Mas, afinal, tiveram, só que não terá sido no sentido que o Presidente queria e, pior, vieram agudizar aquela que já era uma das principais preocupações do Presidente e agora será mesmo uma das maiores: a existência de alternativas políticas.
Marcelo tem defendido que é preciso uma oposição forte, uma alternativa clara à actual maioria de esquerda. Disse-o várias vezes, em várias ocasiões. E voltou a dizer nas comemorações do 5 de Outubro. “A existência de alternativa quanto à governação é sempre preferível às ambiguidades diluidoras e que só reforçam os radicalismos anti-sistémicos”, afirmou o Presidente no seu discurso na Praça do Município, curto de sete minutos, mas cheio de conteúdo e de recados.
Os resultados eleitorais de 1 de Outubro acabaram por levar Pedro Passos Coelho a deixar a liderança do PSD, que entra num processo de sucessão interna que vai causar ainda mais divisões dentro do partido. Acresce o resultado de Assunção Cristas em Lisboa, que lhe permite cantar vitória e ambicionar uma nova relação de forças com os seus antigos parceiros de coligação.
A divisão dentro do PSD pode dar ainda mais espaço e força à líder do CDS, que tem os próximos meses para se apresentar como construtora de alternativa e líder em plenitude de funções da oposição ao “governo das esquerdas” como gosta de lhe chamar. E, se gerir bem o momento, pode até liderar a reflexão sobre o futuro do centro-direita em Portugal.

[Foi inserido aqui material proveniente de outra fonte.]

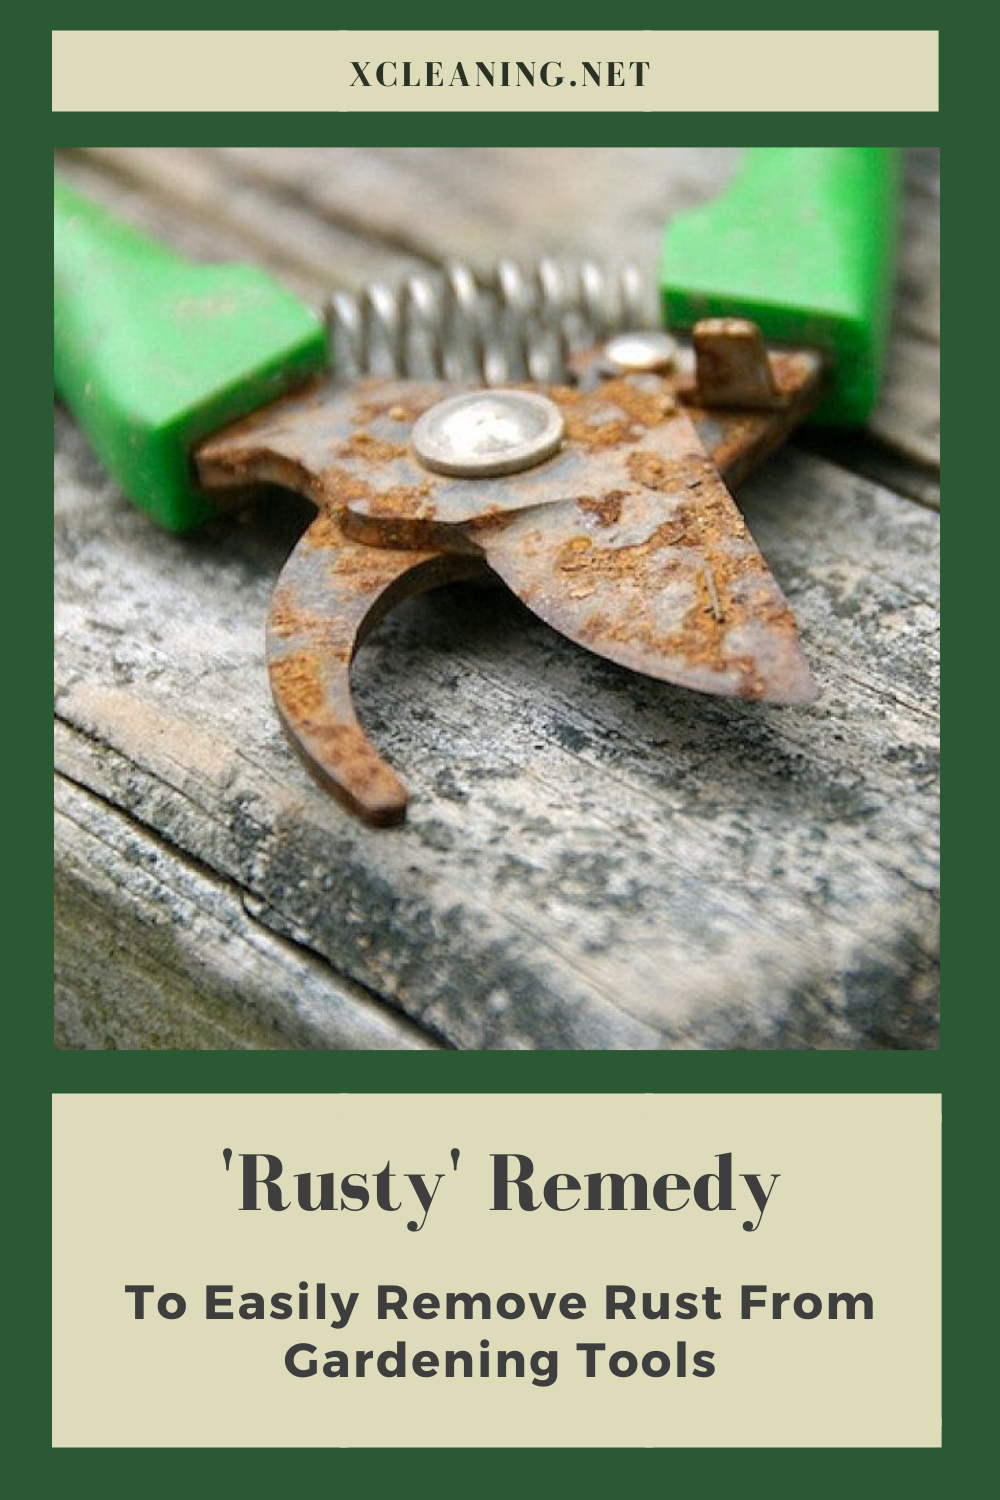 Rusty Garden Tools

A alternativa pela qual Marcelo anseia pode, assim, demorar mais e ser bem mais frágil do que o Presidente gostaria. E, além disso, pode ter um protagonista que não será nada ao seu gosto: Rui Rio, o protocandidato a líder do PSD, que foi secretário-geral de Marcelo quando este liderou os sociais-democratas, mas com quem a relação não terminou bem; zangaram-se no âmbito do processo de refiliação de militantes que Rio liderou e cortaram mesmo relações pessoais. Mas não é só pelo passado que Rio não agradará a Marcelo, é também porque o ex-autarca do Porto é um adepto do Bloco Central – chegou a defendê-lo depois das legislativas de 2015 –, pelo que se pode ler no aviso sobre as “ambiguidades diluidoras” também um recado para dentro do PSD.

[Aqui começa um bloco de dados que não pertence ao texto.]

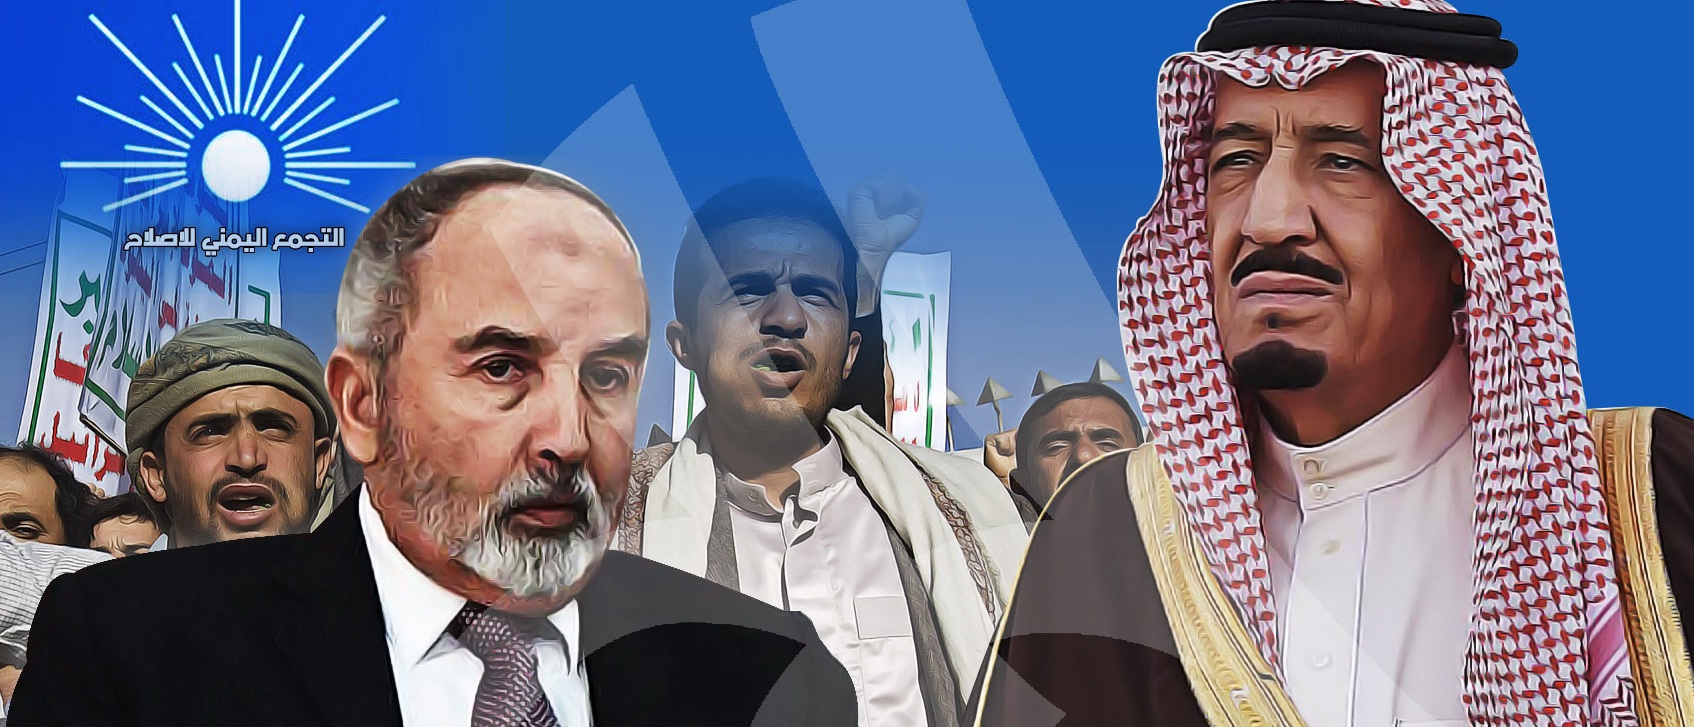 تكثيف التنسيق والاتصالات بين «إخوان اليمن» والسعودية بأوامر مباشرة من الملك سلمان

O Presidente olha, pois, para o seu partido de sempre com preocupação, ansiando por essa mudança de ciclo que lhe permita deixar de apoiar tanto o Governo. Mas, até lá, vai continuar a ter de ter a “grandeza de alma” que também pediu aos políticos no 5 de Outubro para fazer convergências no verdadeiramente essencial – a começar nas condições para a estabilidade política que permita estabilidade económica – , mantendo as frontais e salutares divergências naquilo que o não é.